-------- THE DATA --------

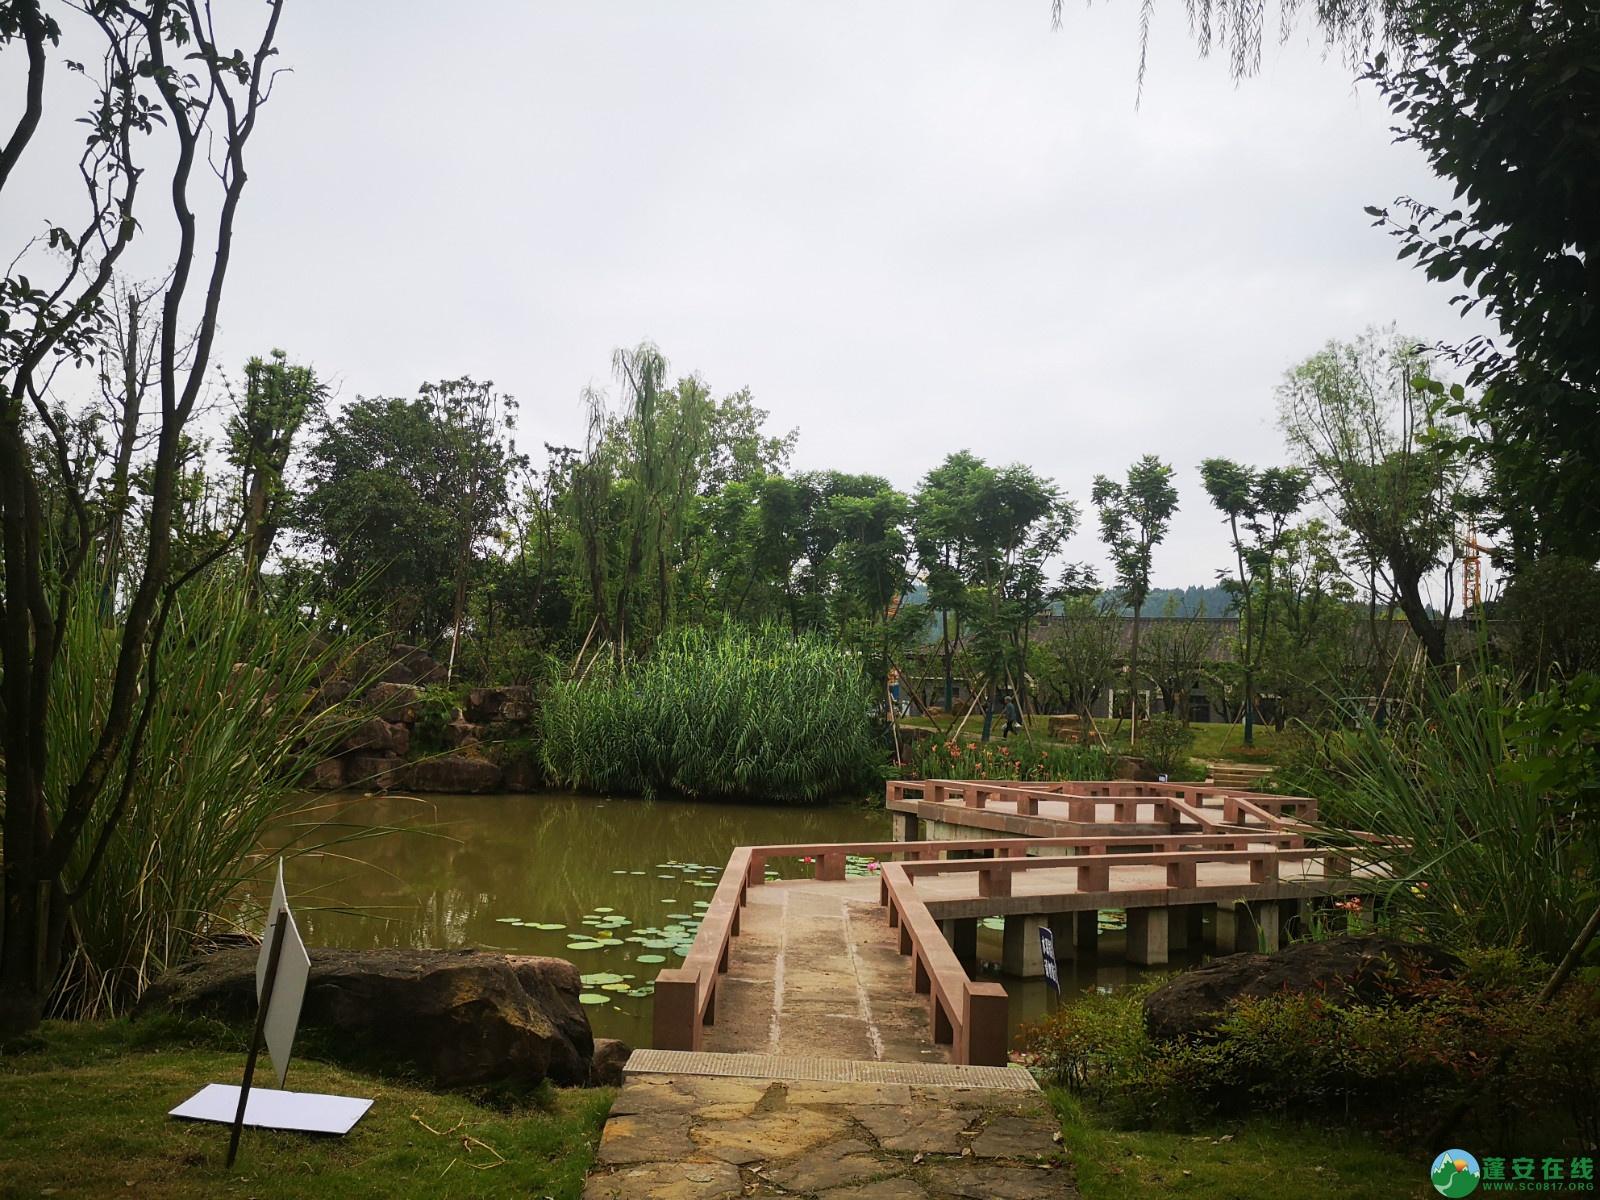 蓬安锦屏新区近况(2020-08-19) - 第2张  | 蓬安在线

--------
-------- THE DATA --------

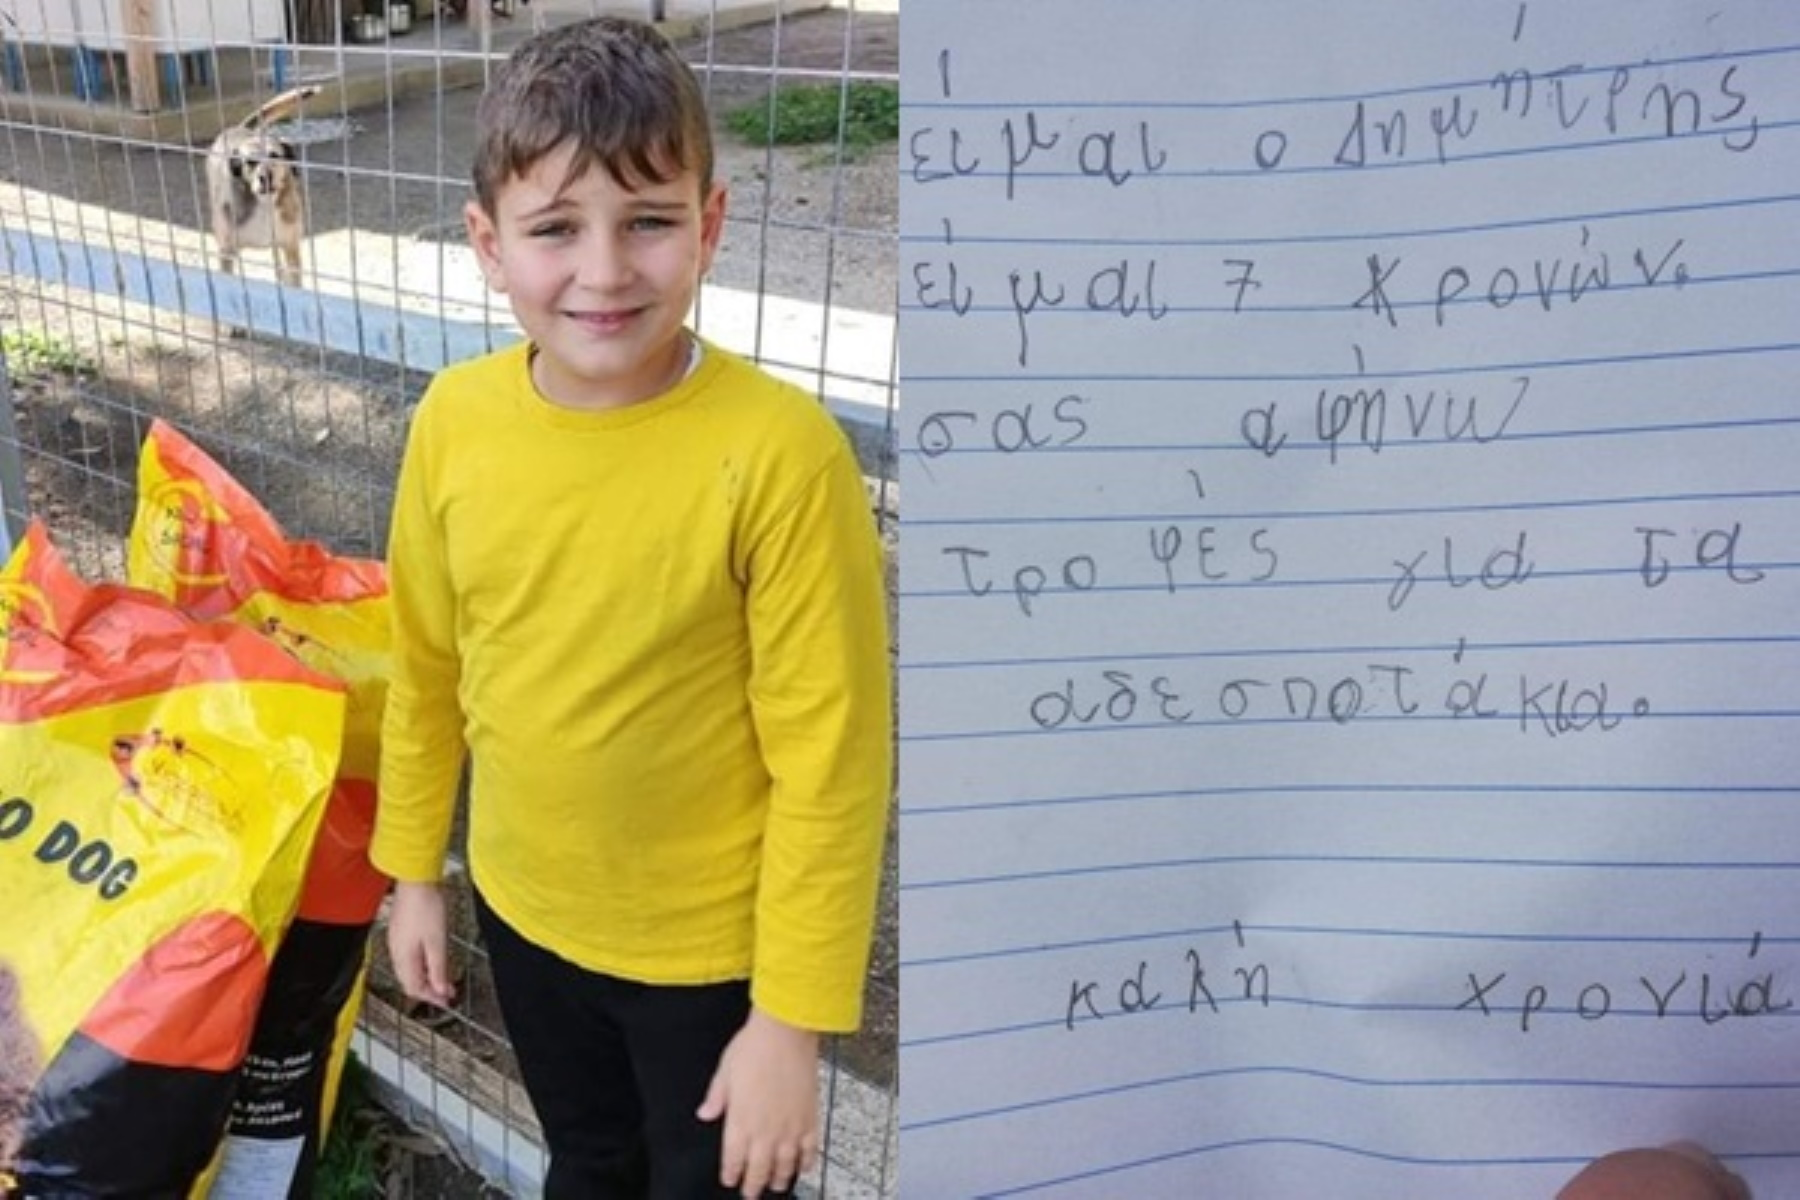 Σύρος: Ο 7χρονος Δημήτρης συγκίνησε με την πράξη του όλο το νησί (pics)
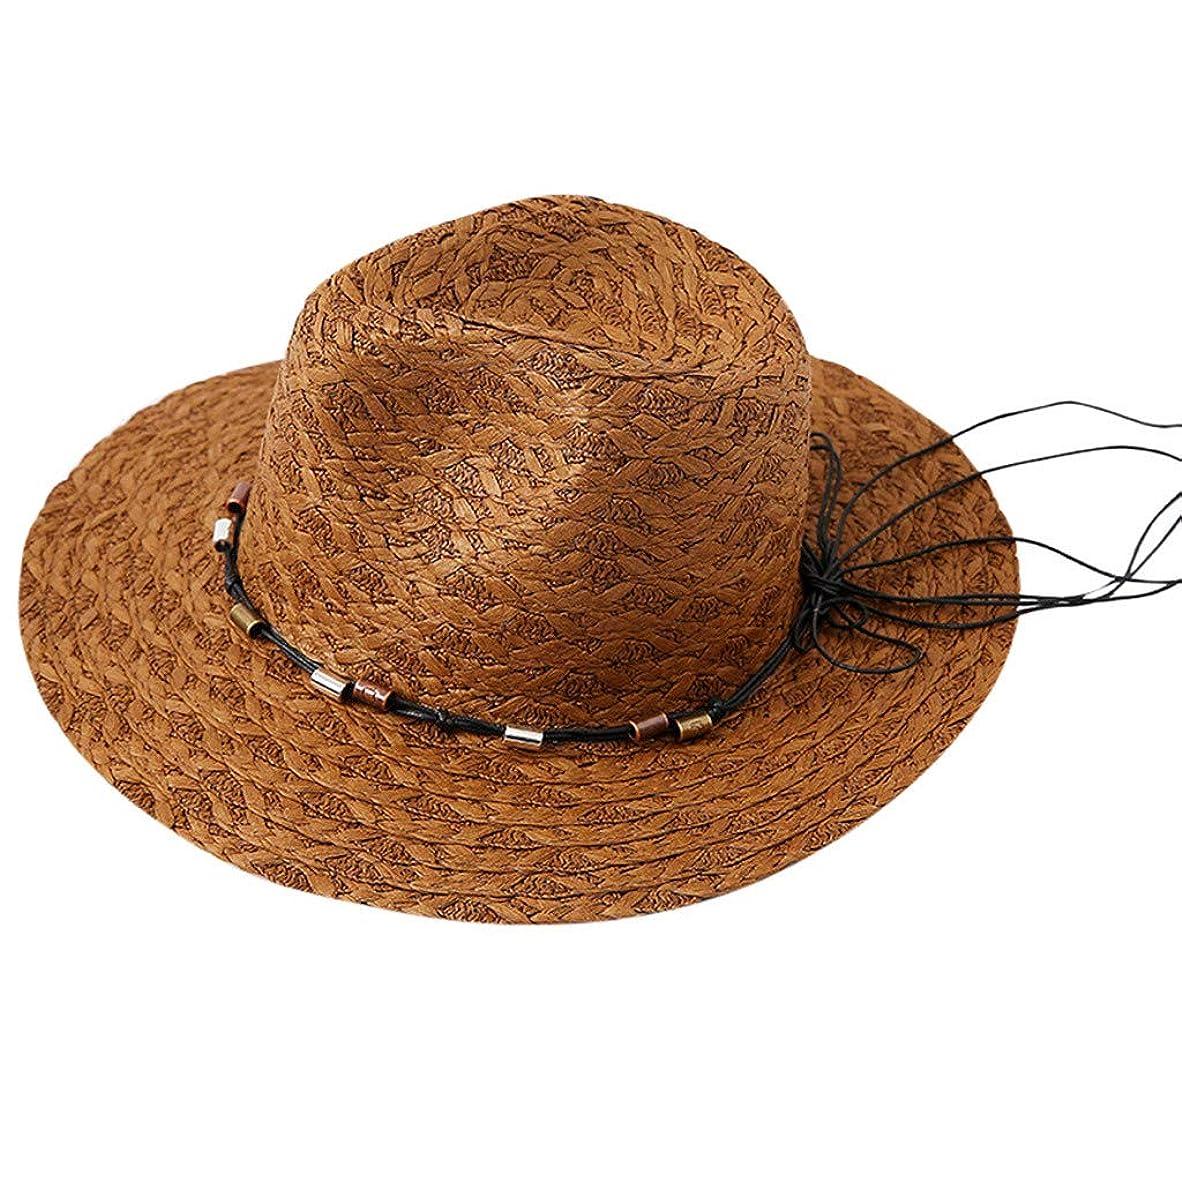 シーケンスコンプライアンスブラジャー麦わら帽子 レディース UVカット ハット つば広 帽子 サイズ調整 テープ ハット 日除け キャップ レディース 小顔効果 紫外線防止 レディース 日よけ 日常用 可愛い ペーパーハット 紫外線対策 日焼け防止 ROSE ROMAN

--------
-------- THE DATA --------

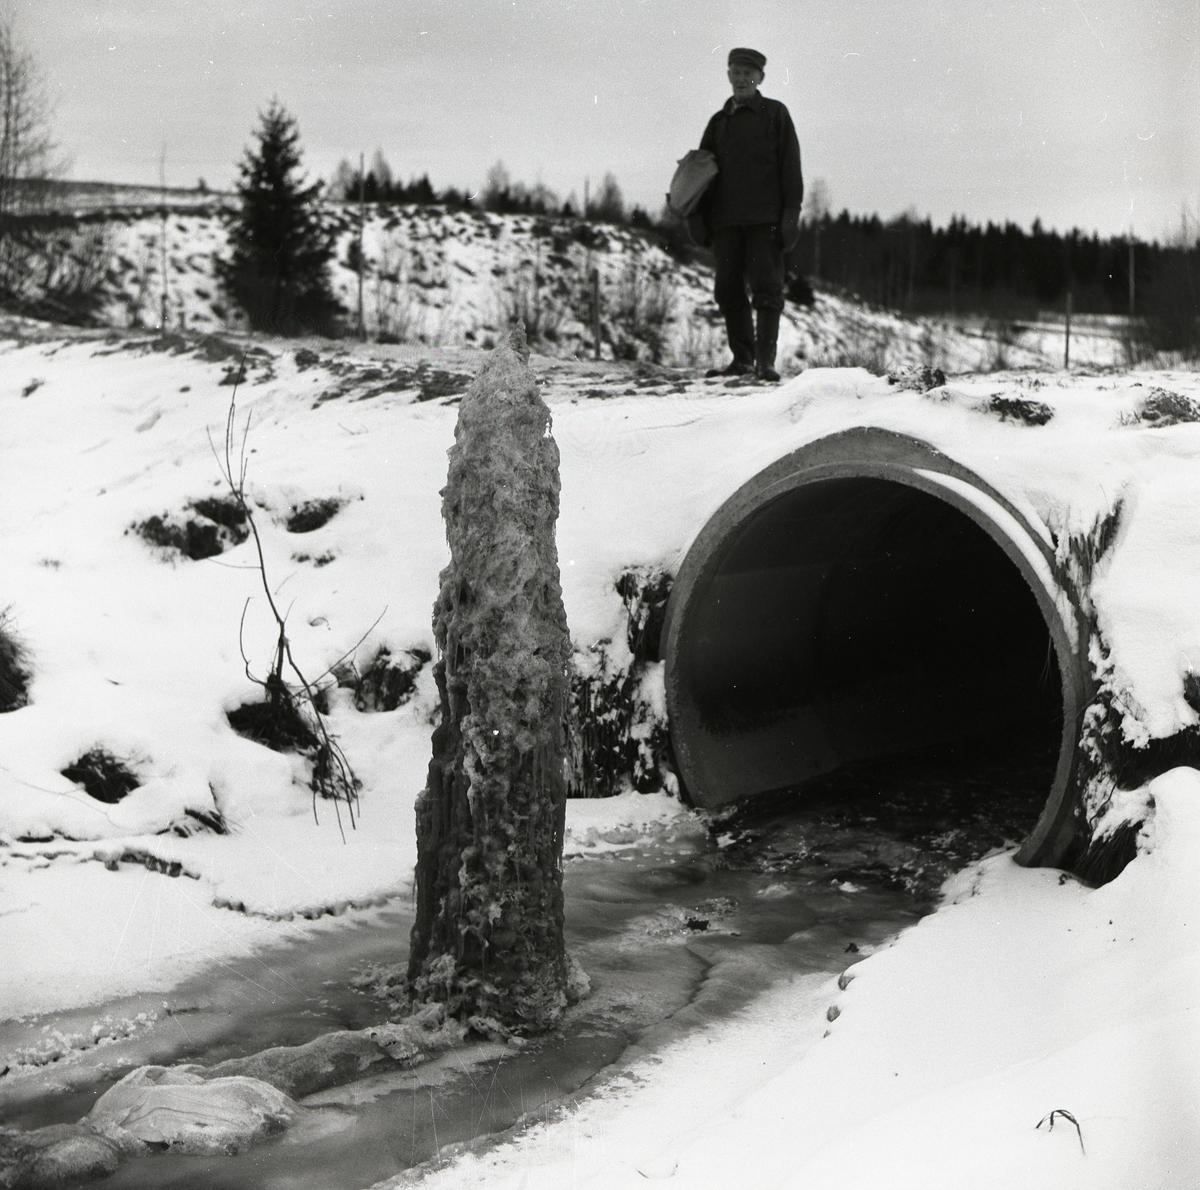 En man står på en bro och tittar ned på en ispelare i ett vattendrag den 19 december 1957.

--------

From the records above, give again only the part that opens with the line containing "Σύρος: Ο 7χρονος" and closes with the line containing "シーケンスコンプライアンスブラジャー麦わら帽子 レディース UVカット". Keep both ends but drop the pictures.

 Σύρος: Ο 7χρονος Δημήτρης συγκίνησε με την πράξη του όλο το νησί (pics)
 シーケンスコンプライアンスブラジャー麦わら帽子 レディース UVカット ハット つば広 帽子 サイズ調整 テープ ハット 日除け キャップ レディース 小顔効果 紫外線防止 レディース 日よけ 日常用 可愛い ペーパーハット 紫外線対策 日焼け防止 ROSE ROMAN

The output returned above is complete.